Teams of volunteers fanned out on the concrete levee near Bette Davis Picnic Grounds in Griffith Park, wading into the water and rock-hopping among the reeds to retrieve PVC pipe, cans, bottles and more during the 22nd annual Friends of the Los Angeles River cleanup.

It was a record-breaking day, said Friends of the L.A. River Executive Director Shelly Backlar. Between 4,000 and 5,000 volunteers visited 14 spots on the river Saturday, surpassing the previous top turnout of 3,000.

Backlar said the effort bodes well for her group’s Urban River Challenge with the Friends of the Chicago River to see who can draw in more volunteers, pull out more trash and earn more Facebook friends this spring.

The cleanup day, she said, “is not just about trash. It’s about people saying, ‘Wow, we have a river, and it’s a pretty nice river. It’s not the river we see in ‘Terminator 2.’”

Burbank resident Dale Ferrens, who grew up in Atwater Village and said he’s participated in the cleanup for 15 years, thought the stretch of river on the Glendale and Burbank border looked better than usual this year.

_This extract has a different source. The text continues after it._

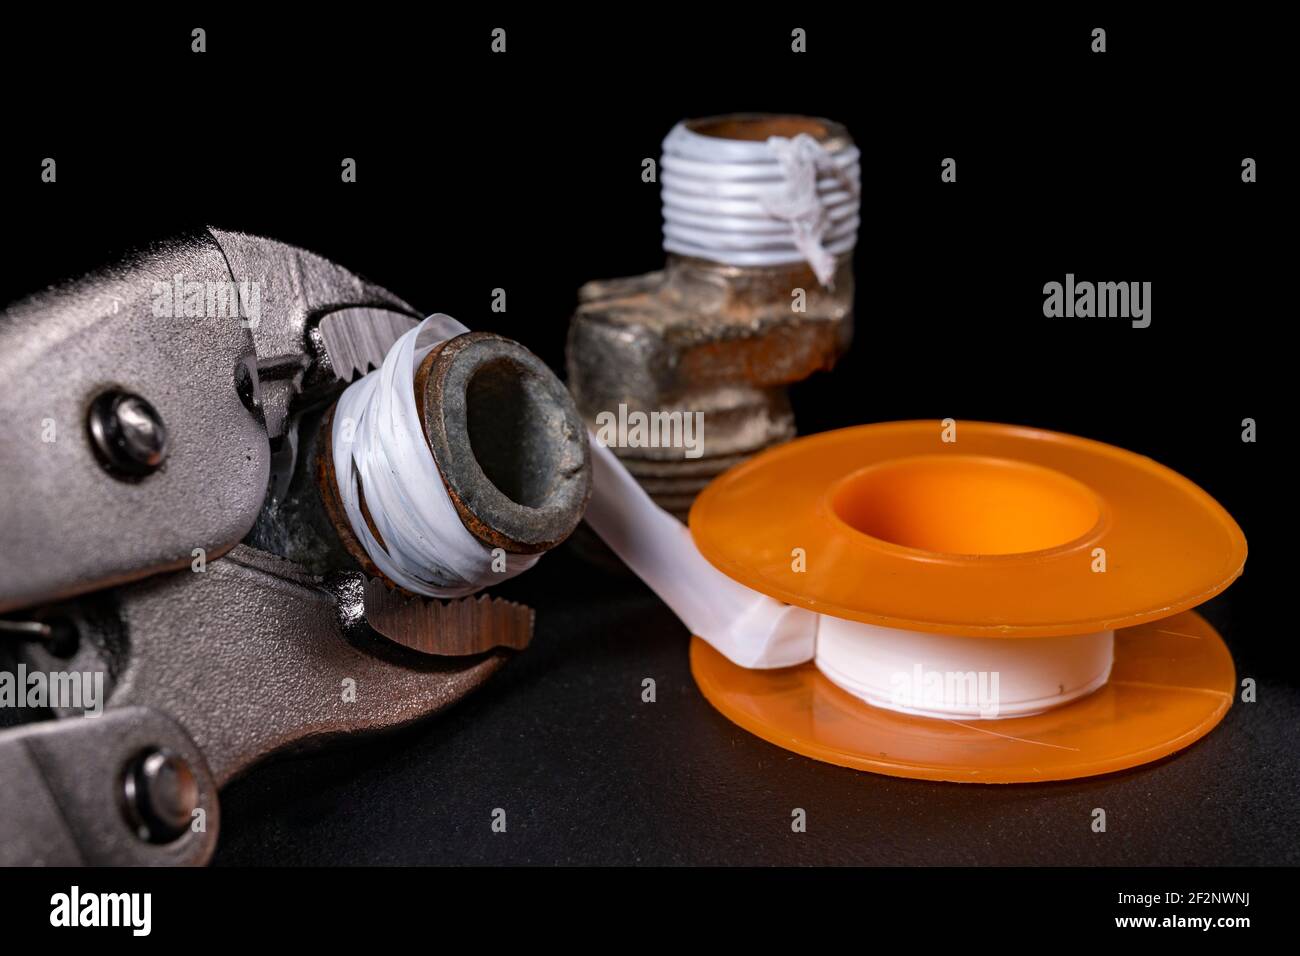 Plumbing fittings and accessories. Pipe connections with Teflon tape. Dark background. Stock Photo
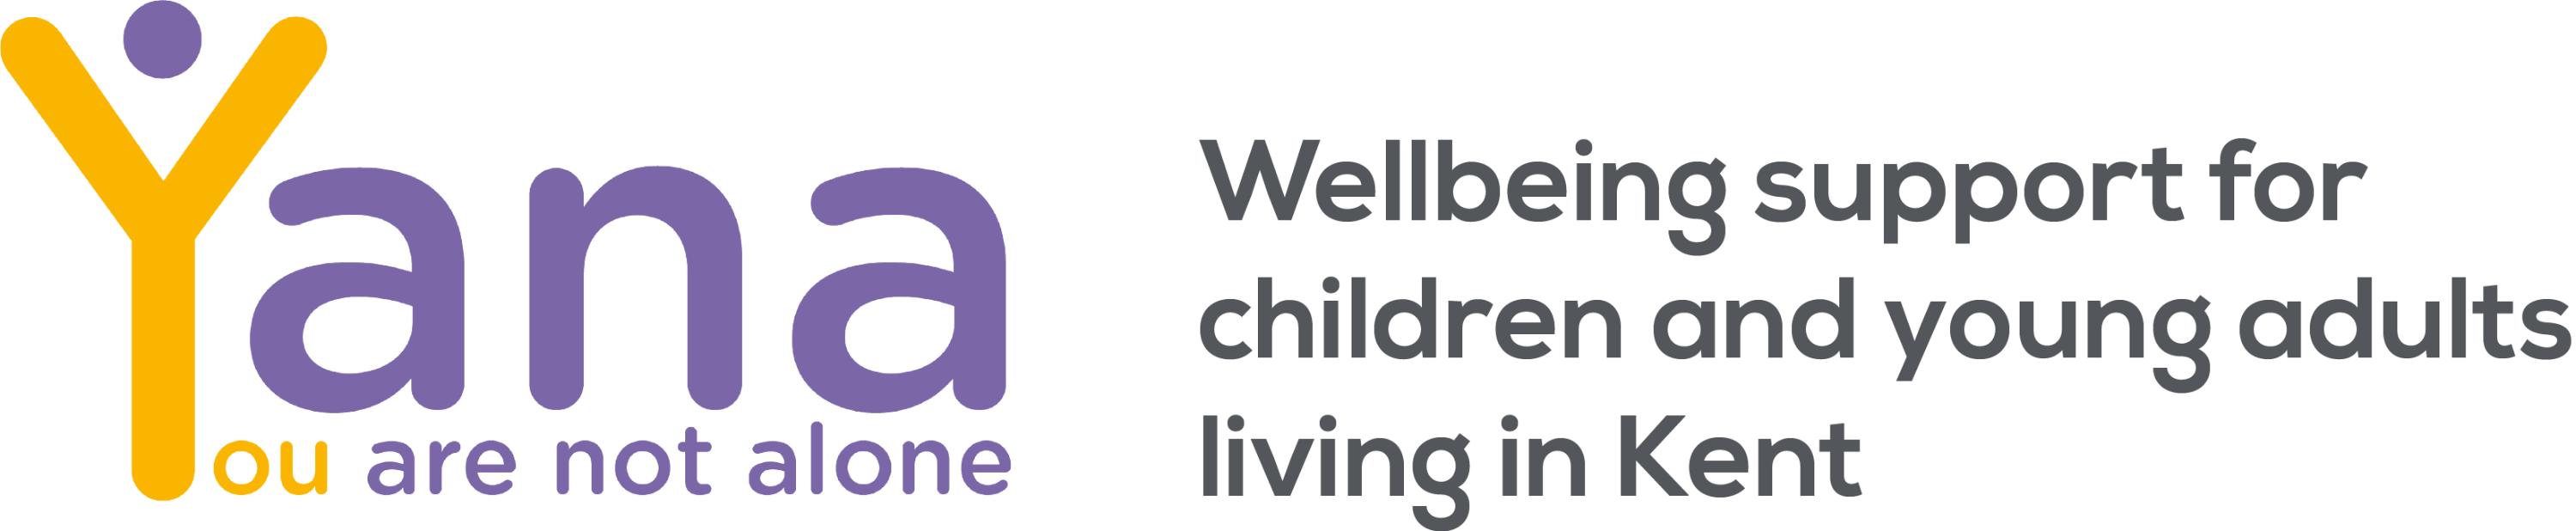 YANA wellbeing support for children and young adults living in kent

Others were less sure. Julia Wahl, one of several eighth-graders on hand from Pasadena’s Polytechnic School, said she was surprised by the amount of junk. “People think of the river like a trash bin,” she said.

The Los Angeles Education Partnership brought a group of public school teachers to the water’s edge Saturday for a tutorial on incorporating the river into their class instruction.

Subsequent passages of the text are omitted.